Детство Павезе было разделено между солнцем и тенью, между зимами в Турине и летом, когда его привозили в Сан-Стефано Бельбо, где у семьи сохранился собственный домик. И тогда он снова бродил по холмам, подолгу простаивал на мосту через Бельбо, вдыхал запахи трав и виноградников, добирался пешком до Канелли, уже в детстве казавшегося ему распахнутым в мир и в жизнь окном. Здесь, в Сан-Стефано, он часами просиживал в мастерской плотника Скальоне, сын которого, Пиноло, стал на всю жизнь другом писателя (мы узнаем его черты в образе Нуто из «Луны и костров»),

«А слушать эти речи, быть другом Нуто, знать его близко — для меня было все равно что пить вино или музыке радоваться... И, конечно, Нуто, а никто другой, объяснил мне, что на поезде можно в любое место добраться, а кончится железная дорога — будет порт, откуда уходят корабли; весь мир опутан дорогами, и повсюду порты, везде путешествуют люди, и в назначенный час уходят поезда и корабли. Но везде кто-нибудь да командует, и везде есть люди поумней и есть убогая бестолочь. Он научил меня названиям многих стран, объяснил, что стоит почитать газету, из нее чего только не узнаешь! Пришло такое время, когда, работая в поле, пропалывая под яркими лучами солнца виноградник, нависший над дорогой, я стал вслушиваться в грохот, наполнявший всю долину. Поезд шел в Канелли или обратно, я останавливался и, опершись на мотыгу, провожал взглядом вагоны и таявшие в воздухе клочья дыма, глядел на Гаминеллу, на замок Нидо, глядел в сторону Канелли и Каламандрана, в сторону Калоссо, и мне казалось, что я хлебнул вина, стал другим человеком, стал таким же взрослым, как Нуто, ничуть не хуже его, и придет день, когда и я сяду на поезд: уеду куда глаза глядят».

Так вспоминает об этой дружбе с Нуто — Скальоне сам Павезе в своем последнем романе, желая объяснить, что значила для него деревня, из которой он хотел уехать, чтобы вернуться обратно, повидав мир, чтобы увидеть все «во второй раз». Эта мысль о возврате настойчиво повторяется почти в каждой книге Павезе. В письме Николе Энрикенсу, школьному инспектору в Сан-Стефано Бельбо, Павезе говорит: «Впрочем, все мы учили в школе, что Альфьери открыл себя и Италию, бродя по миру. Вы даже не представляете себе, какую глубину обнаруживаешь в наших и греческих классиках, когда возвращаешься к ним из американского, или немецкого, или русского двадцатого века; можно сказать то же и о семье и родине.

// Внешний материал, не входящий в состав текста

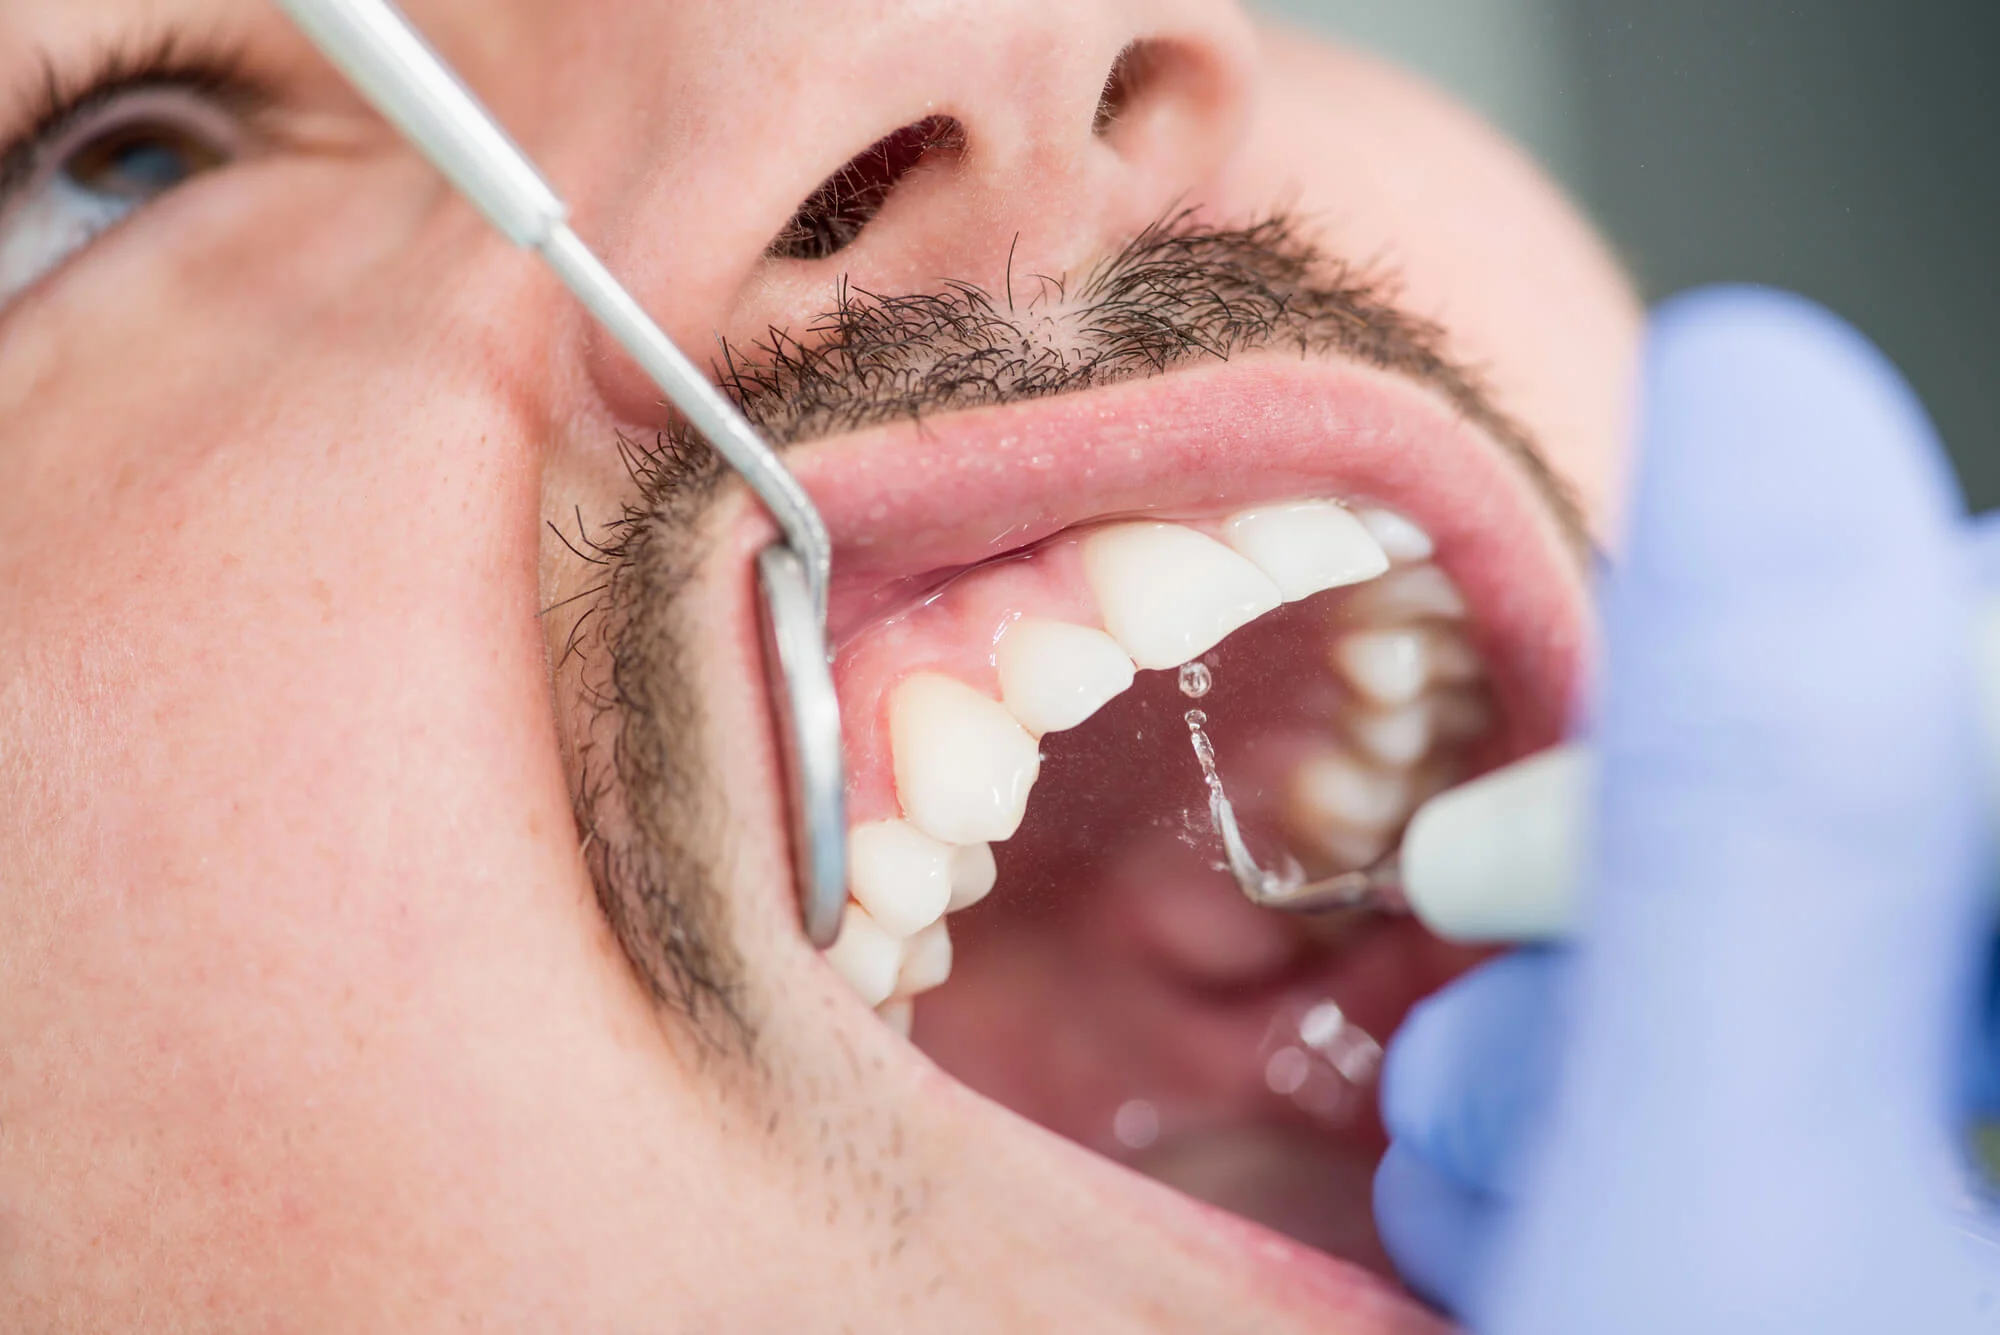 general dentist las vegas cleans patient's teeth

Я люблю Сан-Стефано до безумия, но потому, что вернулся очень издалека».

Глубокая, нашедшая художественное выражение в напряженной, до предела точно фокусированной символике его романов и стихов, связь с родной деревней в ее противопоставленности городу и в то же время в нераз­рывности с ним — таков мотив всего творчества Павезе. Ставший его биографом Давиде Лайоло, в годы Сопротивления командир партизанской дивизии «Гарибальди Монфератто», однажды рассказал ему, как читал своим партизанам стихи Альфьери и Монтале. «Они не приняли тебя за сумасшедшего? — спросил поначалу Павезе, а затем добавил: — Значит, среди партизан действительно были крестьяне». И нет сомнения, у истоков всего, что в книгах Павезе некоторые критики считают «мифом», можно обнаружить крестьянские легенды его родных мест.

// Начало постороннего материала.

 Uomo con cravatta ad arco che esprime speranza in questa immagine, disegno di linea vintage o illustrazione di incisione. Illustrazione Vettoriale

Чезаре Павезе рос необщительным, замкнутым, иногда целыми днями молчавшим ребенком, учился неважно. Лишь в лицее «Массимо д’Азельо», где он закончил свое среднее образование, у Павезе появились настоящие друзья. Там он встретил учителя, оказавшего на него большое, быть может во многом решающее, влияние. То был Аугусто Монти, писатель и филолог, человек высокой культуры и непоколебимой твердости антифашистских

убеждений, друг Антонио Грамши и Пьеро Гобетти. Он воспитывал в своих учениках любовь к свободе, ненависть к фашизму, самостоятельность мышления, твердость жизненных принципов, непримиримость к поверхностности, к верхоглядству. Аугусто Монти начинал занятия чтением текстов Данте, Боккаччо, Макиавелли, Ариосто, Альфьери, Мандзони, а затем комментировал их увлеченно и своеобычно, как бы сближая великую литературу прошлого с событиями современности. Монти учил видеть границу между литературой и беллетристикой, учил гражданственности искусства. Примечательно, что боль­шинство учеников Монти становились борцами против фашизма, среди них был и Джанкарло Пайетта — сегодня один из руководителей партии коммунистов, прямо со школьной скамьи начавший свой долгий путь по ссылкам и тюрьмам.

У Павезе Монти более всего ценил самостоятельность и своеобразие суждений. Ему Павезе посылал первые экземпляры своих новых книг, ждал его оценки, хотя нередко и спорил с ним жестоко.

В годы учебы в лицее Павезе открывал для себя Турин, ранее казавшийся ему всего лишь бессмысленным морем огней, видным с холма. Город стал раскрывать перед ним свои тайны постепенно, во время долгих ночных прогулок, во время ночных бесед с друзьями и с женщинами в маленьких кафе, за бутылкой густого и терпого «бароло», в часы катанья на лодке, которые стали для Павезе радостной привычкой.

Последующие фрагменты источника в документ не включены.